Но никто не пошевелился. Никому не хотелось уходить.
И Филимонов вдруг подумал, что он один-единственный раз чувствовал такую же чистую нежность к другому человеку, но тот человек была женщина и было это давным-давно.
Стояло тогда знойное, южнорусское лето, вокруг грохотала огромная стройка, а он, совсем еще молоденький парнишка, ходил одуревший от неожиданной, не осознанной еще им самим любви, ходил переполненный нежностью, и ему хотелось обнять всякого человека и всякому человеку на свете говорить только добрые и ласковые слова.
А потом случилось несчастье — дикая в своей нелепости смерть друга.
А после случилось второе несчастье, которое чуть не окончилось смертью его, Филимонова, живой души.
И как это вышло, он не понимал до сих пор, потому что он хотел тогда всем только доброго, а получилось зло не кому-нибудь, а самому его близкому, самому родному тогда человеку.
Дорога утопает в пухлой невесомой пыли. Если ступить на нее босыми ногами, текучая эта пыль мгновенно раздается и ноги почти не ощущают ее.
А за развилкой пыль висит в воздухе. Она не успевает оседать, потому что тупорылые МАЗы поминутно тревожат ее. Надсадно рыча, они грызут ухабистые километры, МАЗ за МАЗом, — упорные, мордастые, железные. Они возят бетон для котлована.
А вокруг степь. Желтая и раскаленная.
Издали стройка кажется покрытой куполом из дымчатого стекла. За этим куполом угадывается суетливое движение. Будто кто-то ныряет, хищный, большой и проворный.
Четких границ у пылевого купола нет. Когда к нему приближаешься, он отодвигается все дальше, пока не оказываешься в центре, в полупрозрачном, не очень-то реальном мире, у котлована.
— Федька убилси-и-и!!!
Пронзительный вопль просверлил в пыльном пекле красную дыру, напряженную, как разинутый в крике рот.
— Федька убилси-и-и!!!
— Ну и что ты за ими ходишь? Не видишь — любятся они, лишний ты. А ты все ходишь, все ходишь! Как все равно этот... хвост!

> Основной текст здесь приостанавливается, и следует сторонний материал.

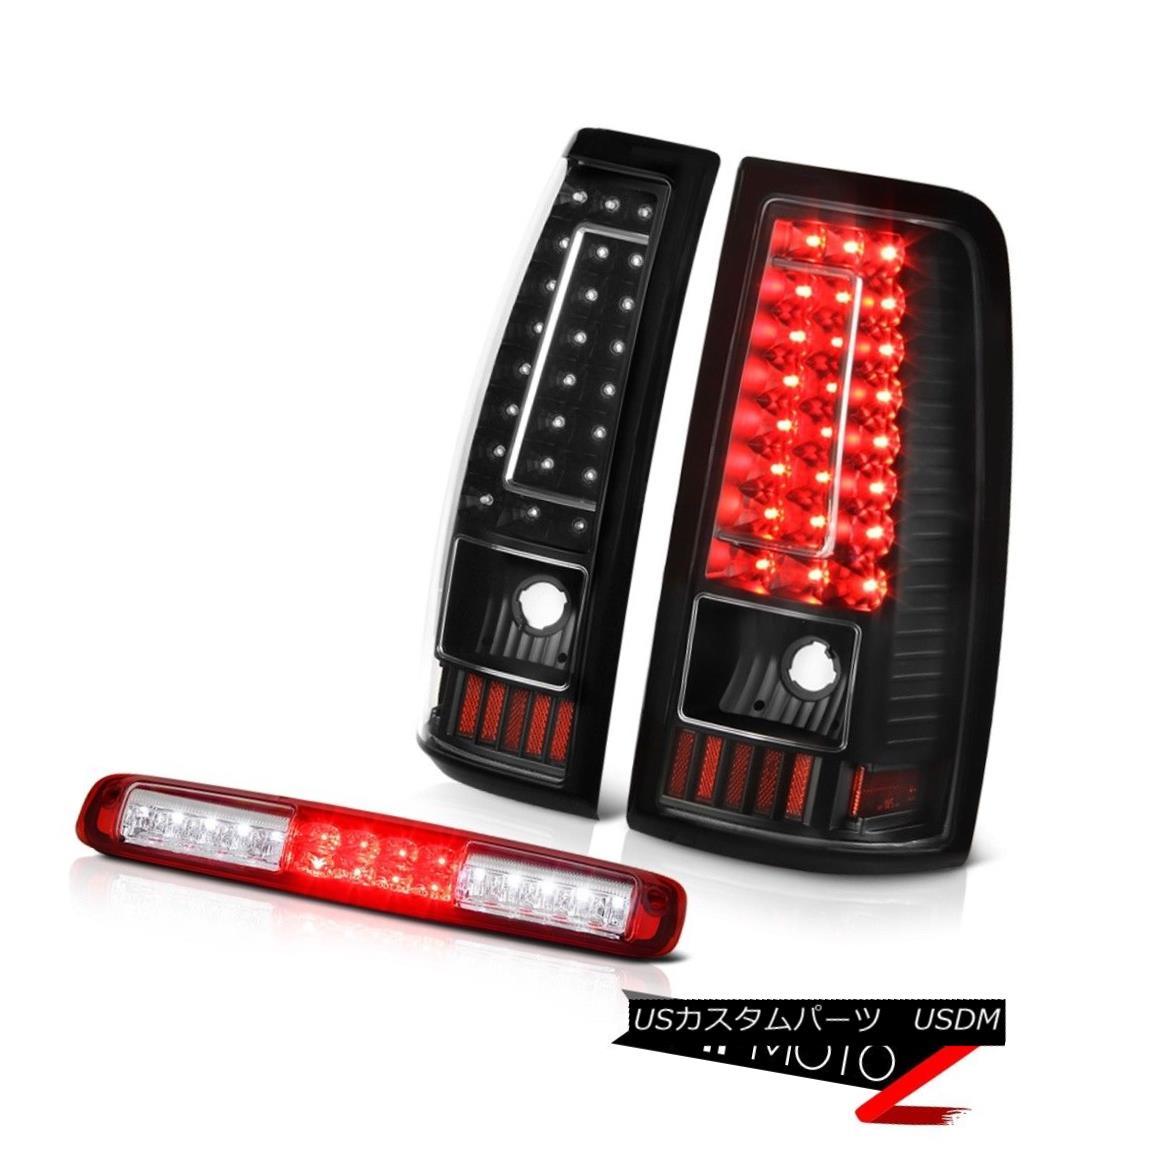 テールライト 03 04 05 06 Silverado Bloody Red Roof Cab Light Raven Black Rear Brake Lamps 03 04 05 06シルヴァード・ブラッディ・レッド・ルーフ・キャブ・ライト・レイヴン・ブラックリア・ブレーキ・ランプ

— От же! И чего ты, ей-богу, дядя Семен, чего ты? Хвост! Друзья они мне, понял? И Федька первый на свете друг, и Аленка. И ничего я за ними не хожу, мы вместе ходим. Потому что — друзья. Понял?
— «По-о-нял»... Чего ж не понять-то... Дурачок ты, Серега, вот што. Глупый. Друзья... Только при иных делах — брат родной лишний, не то что друг. И девку поделить никак нельзя.
— Это Аленка-то девка?! Ну, сказанул. И какие такие «иные» дела? Эх, дядя Семен, голова у тебя седая, а...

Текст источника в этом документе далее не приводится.